What are the data retention obligations of third-party AI providers?
Notion AI Subprocessors have data retention policies that allow Notion to meet our obligations to customers for the processing of data.
When using Notion AI, our LLM providers utilize zero data retention for Enterprise plan workspaces, so no data is stored with LLM providers. For all non-Enterprise plan workspaces, LLM providers only retain Customer Data for 30 days or fewer before deletion. Notion AI is additionally powered by OpenAI's embeddings. OpenAI does not retain any Customer Data through their embeddings service.
Embeddings stored in vector databases are deleted within 60 days from when the page or workspace is deleted.

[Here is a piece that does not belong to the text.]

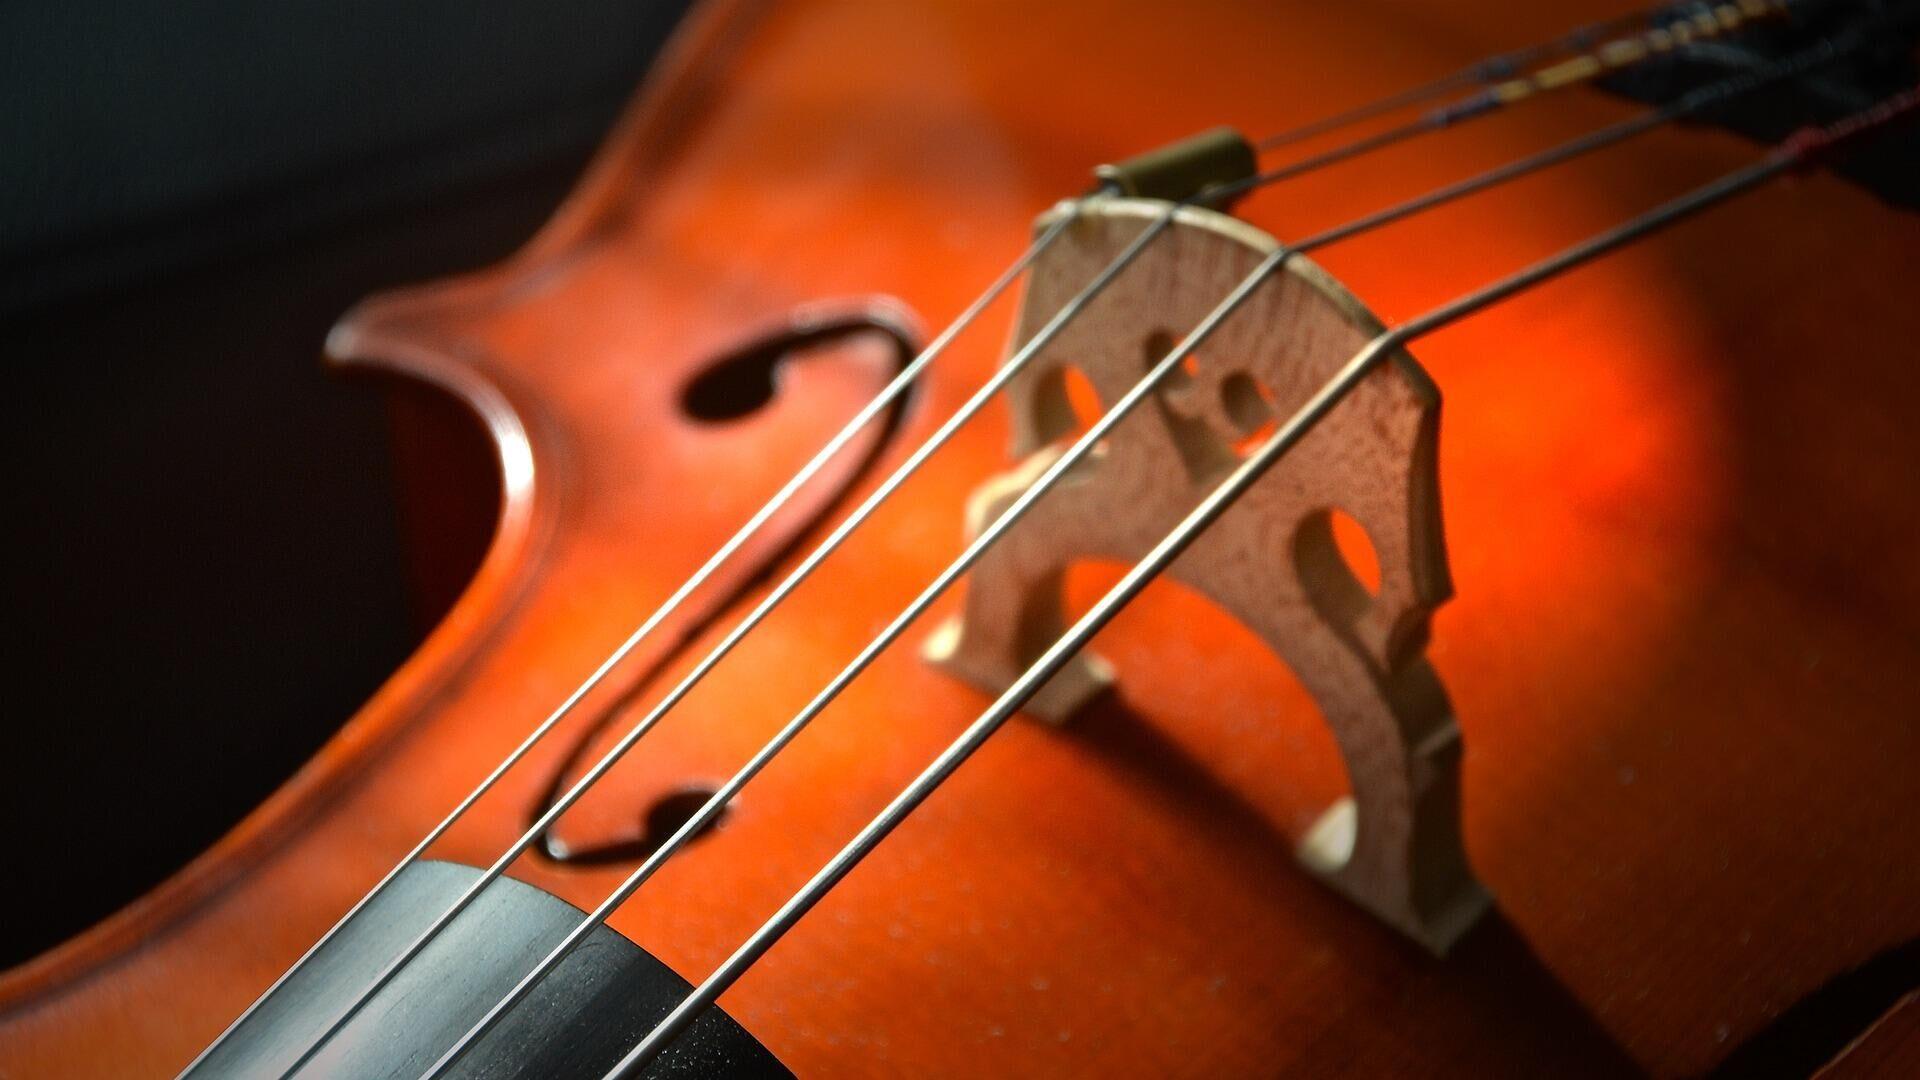 El violonchelo, imagen ilustrativa - Sputnik Mundo, 1920, 25.07.2021

If a user deletes a Notion page or Notion workspace, we can restore the content within 30 days. After 30 days, the data is deleted and unrecoverable. This includes any AI-generated data and embeddings. For more information about deleting or restoring your data, please refer to this article.
What compliance standards does Notion AI meet?
Notion AI is included in the scope of Notion’s SOC 2 Type 2 report and ISO 27001 certification, demonstrating our commitment to various regulatory and industry standards.
Notion AI enables HIPAA compliance by utilizing LLM provider’s zero-retention APIs and allows for the processing of protected health information (PHI).
Can data loss prevention (DLP) be configured to alert for data being used by Notion AI?
Customers can trigger data loss prevention (DLP) alerts for sensitive content in their Notion workspace using third-party integration partners on our Enterprise Plan. That will include content in an AI prompt and the content generated by AI. Learn more about our DLP integrations here.
Are there rules against what I can do with Notion AI?
The Notion AI Supplementary Terms apply to your usage of Notion AI. In addition, Notion’s Content & Use Policy applies to any content on Notion, including content generated by Notion AI. Violating these terms can result in removal of your content or suspension of access to your workspace.
Who owns the rights to content generated by Notion AI?
Notion does not claim ownership of your input or the generated output. This is addressed in the Notion AI Supplementary Terms in the "Input and Output" section:
You may provide input to be processed by Notion AI (“Input”), and receive output generated and returned by Notion AI based on the Input (“Output”). When you use Notion AI, Input and Output are your Customer Data.
You can also reference our standard data protection practices.